Но она просто обхватывает чашку руками и делает большой глоток. Рот окутывает сильный горький вкус, который потом раскрывается насыщенной сладостью. Адди вздыхает от наслаждения, а Сэм широко ухмыляется.
– Здорово, правда? Секрет в…
«Какао-крупке», – думает Адди.
– …какао-крупке, – заканчивает Сэм и подносит к губам чашку. Та и правда огромная, словно миска.
Она облокачивается на стойку и склоняется над чашкой, словно над подношением.
– Ты будто поникший цветок, – поддразнивает ее Адди.
– А ты полей меня, и увидишь, как я расцвету, – подмигивает Сэм, салютуя чашкой.
Адди ни разу не видела художницу такой, по утрам болтать с Сэм ей не доводилось. Разумеется, они просыпались вместе, но те дни были омрачены извинениями и смущением. Последствиями забвения. В такие моменты лучше не задерживаться. А теперь, однако, что-то новенькое… Только что возникшие воспоминания.

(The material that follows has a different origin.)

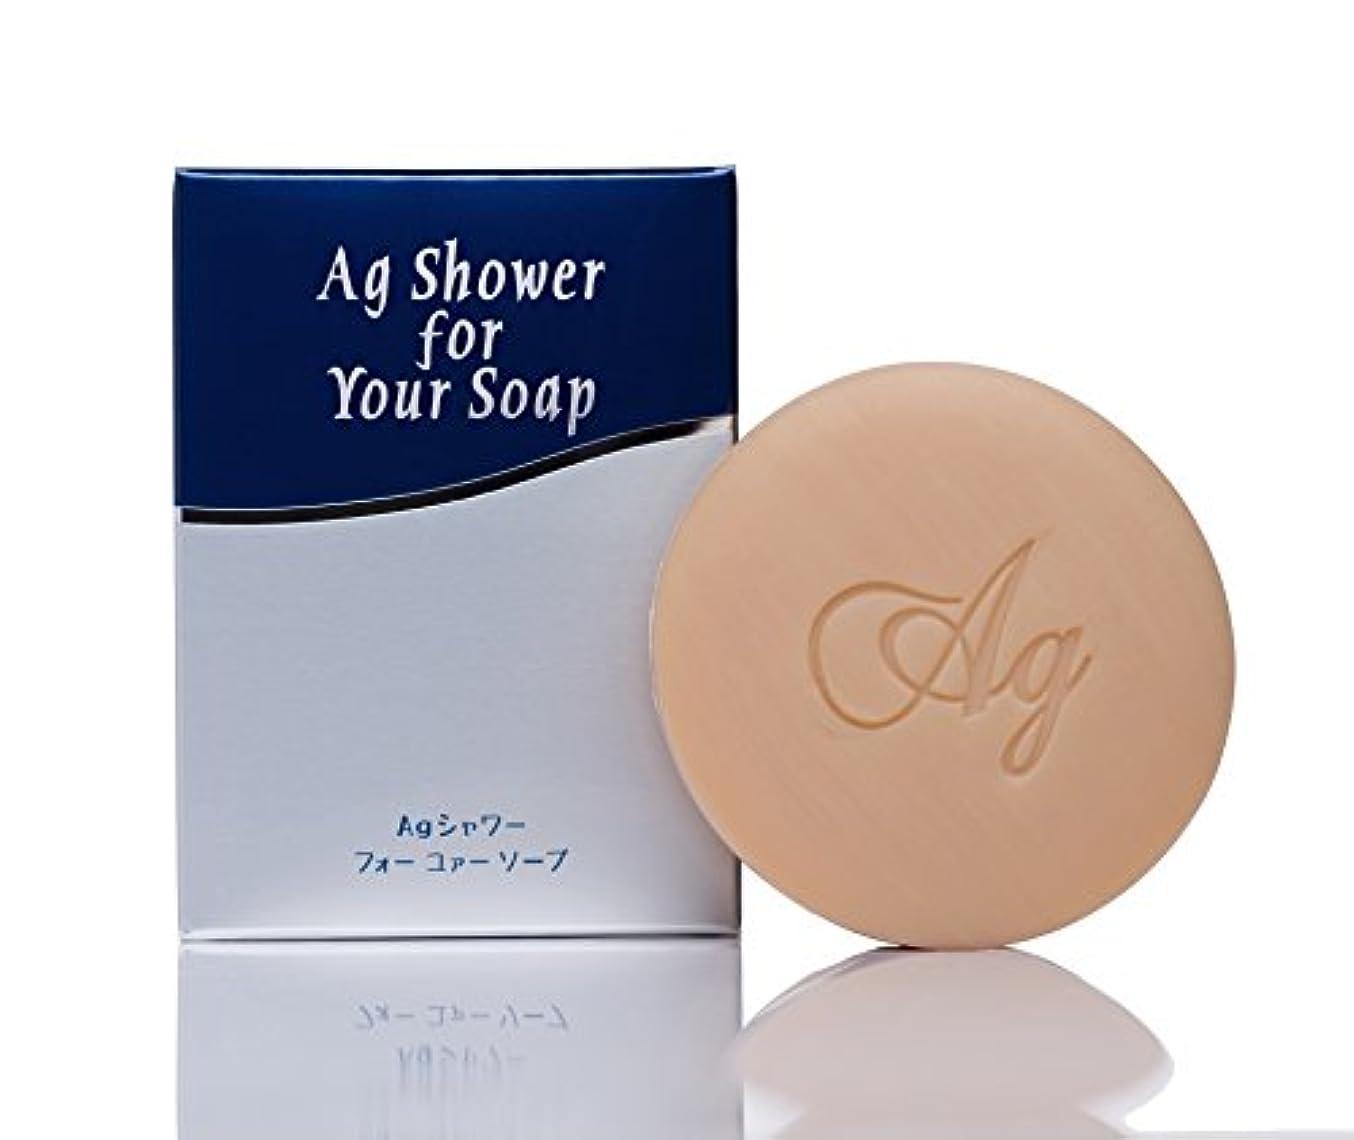 バーチャル結果急ぐスキンケアー石鹸 Agシャワーフォーユァーソープ 消臭・抗菌 100g

– Извини, – встряхивает головой Сэм, – я так и не спросила, как тебя зовут.
Это ей в Сэм и нравится, Адди сразу отметила: художница живет и любит всем сердцем, делится теплом, которое большинство людей приберегают для самых близких. Ставит потребности выше доводов рассудка. Она привела незнакомку в дом, дала отогреться и только потом начала задавать вопросы.
– Мадле́н, – выпаливает Адди первое подходящее имя.
– Мое любимое печенье, – улыбается хозяйка. – А я – Сэм.
– Привет, Сэм, – говорит Адди, как будто произносит ее имя впервые.
– Итак, – начинает художница, словно только что додумалась спросить, – что же ты делала у нас на крыше?
– О, – покаянно усмехается Адди, – я не собиралась там засыпать. Даже не помню, как села в шезлонг. Я и не подозревала, что так вымоталась. Я только недавно переехала сюда, в квартиру 2-Эф, оказалось, у вас тут очень шумно, так непривычно. Я не смогла заснуть и решила выйти подышать свежим воздухом, а заодно полюбоваться рассветом.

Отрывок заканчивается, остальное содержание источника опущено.